Amanda Rettke is the creator of I Am Baker, and the bestselling author of Surprise Inside Cakes: Amazing Cakes for Every Occasion – With a Little Something Extra Inside.Over the course of her 15+ year blogging adventure, she has been featured in and collaborated with the Food Network, New York Times, LA Times, Country Living Magazine, People Magazine, Epicurious, Brides, Romantic Homes, life:beautiful, Publishers Weekly, The Daily Mail, Star Tribune, The Globe and Mail, DailyCandy, YumSugar, The Knot, The Kitchn, and Parade, to name a few.

Reader Comments

  1. I think my heart just skipped a beat! These are the ultimate brownies! That caramel center is just mesmerizing! Love this Amanda!

  2. I made these last night and it was a disaster so I’m hoping you might be able to help me figure out where I went wrong. The recipe didn’t state what temp to bake at so I just did it at 350 degrees.

    I couldn’t find Kraft caramel bits in the grocery so I used an 11oz bag of caramel squares. They were all individually wrapped so I unwrapped and melted. I used Hershey’s unsweetened cocoa, King Arthur organic unbleached all purpose flour, whole organic milk, KerryGold butter, unbleached organic sugar, organic vanilla extract.

    Everything seemed fine in mixing and prep except the brownie mixture was so very thick. Like so thick I couldn’t even hardly get it out of the bowl into the 9×9 glass brownie dish. I put parchment paper in dish and it just stuck so much to the parchment paper that is was hard to spread that 1st layer down. Needless to say when I was putting the 2nd layer of brownie mixture over the peanut butter and caramel it was hard to spread it over it all.

    I ended up cooking it for almost 25-30 minutes because it just seemed so liquid still when I checked it at 18-20 minutes. I then let it cool overnight instead of 4 hours. This morning when I tried to take it out of the pan and cut into squares it was a big gooey mess. The parchment paper was stuck to the glass and stuck to the brownies. I ended up getting it out of the pan but it was just a mess. Peeling the paper off the bottom of brownies resulted in tearing the paper and just having to cut it off the brownies. Needless to say they aren’t pretty squares but a gooey mess of crumbles and most of it in the trash because I couldn’t get paper off.

    Where did I go wrong?

    1. Hi Karen! I am SO sorry there were issues. Sounds like you used quality ingredients and I am sorry about the time and expense. The only thing That I can see that might have gone wrong it… did you pour half the brownie mixture into the pan and bake it? Then remove the baked brownies, add the caramel and remaining brownie and bake longer?

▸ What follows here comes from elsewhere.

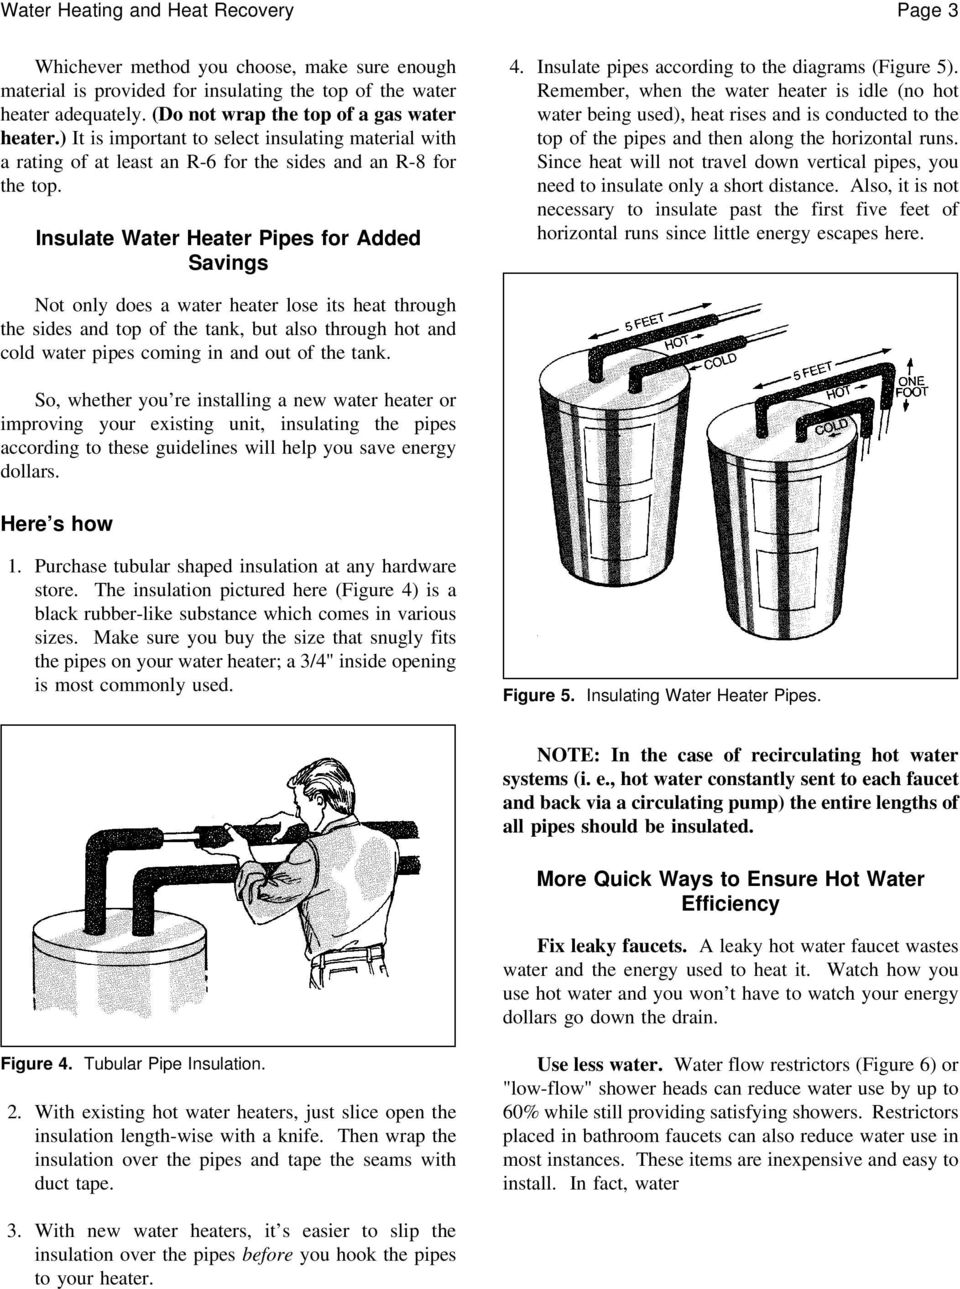 Insulate Water Heater Pipes for Added Savings 4. Insulate pipes according to the diagrams (Figure 5).
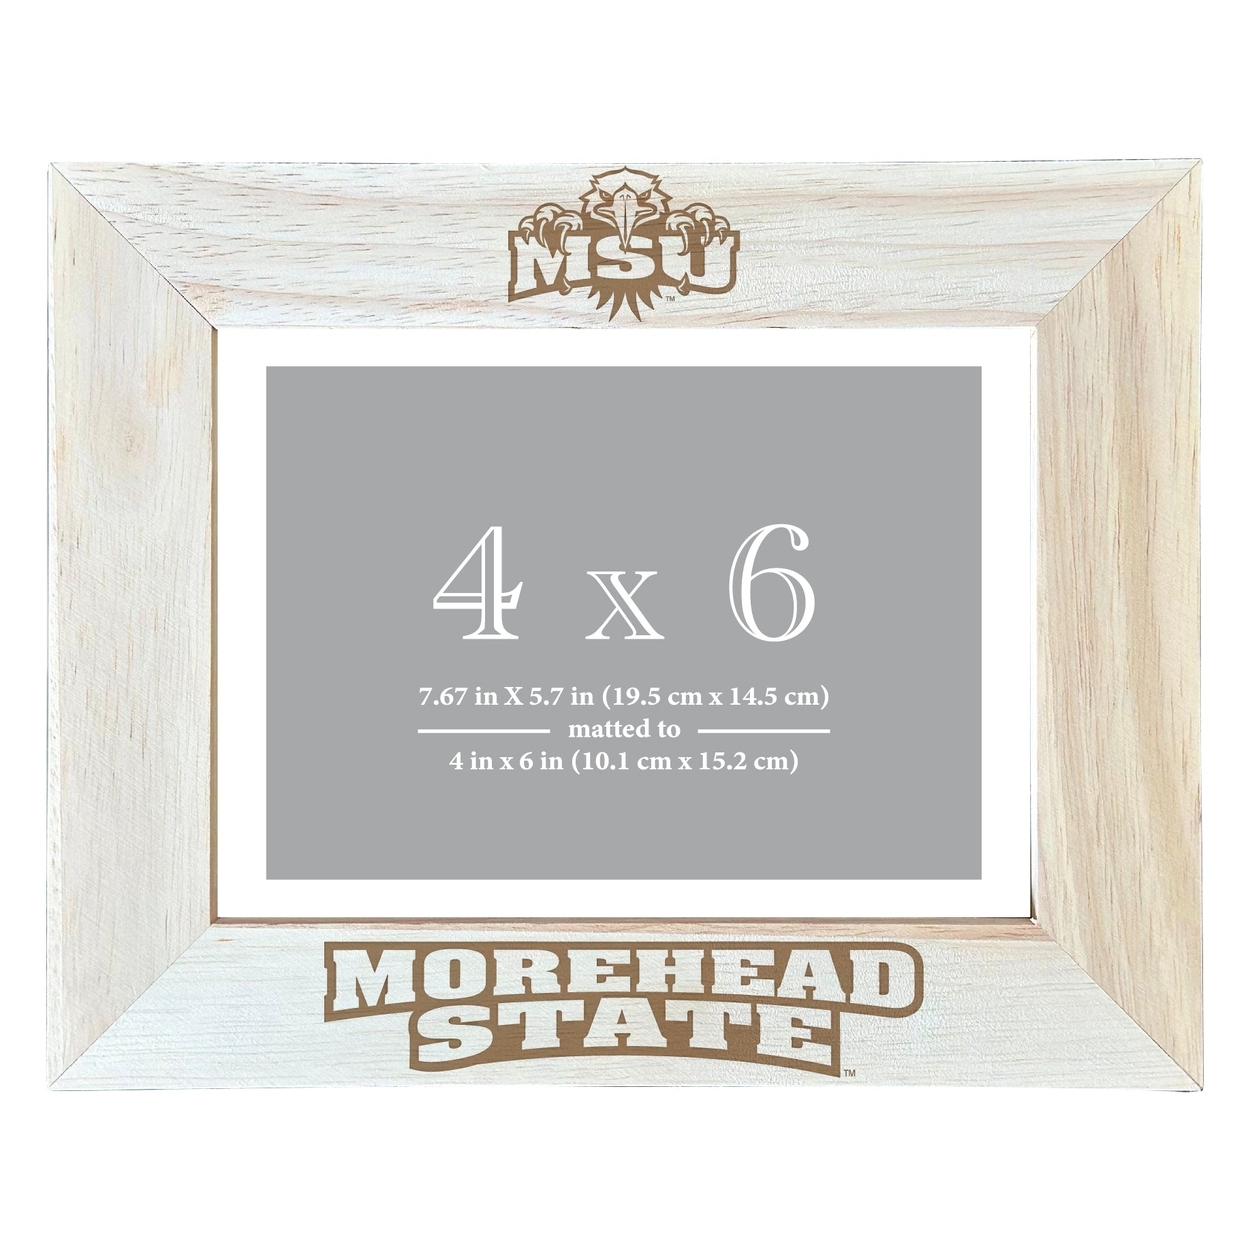 Morehead State University Wooden Photo Frame Matted To 4 X 6 Inch - Etched

    2. Same thing happened to mine following directions exactly except forgot to line with parchment paper…..let it cool over night it was one gooey mess couldn’t cut into brownies looked nothing like picture above. Did pick at some of the goo it tasted good would have been great if it turned into a brownie.

  3. OH. MY. GOODNESS. Those look absolutely worth any extra time spent on the treadmill ! I’m all about “everything in moderation” but with those in my kitchen, I might have to redefine my definition of moderation;)

  4. Oh my. These brownies look absolutely lovely and delicious! I don’t think brownies can really get better than this!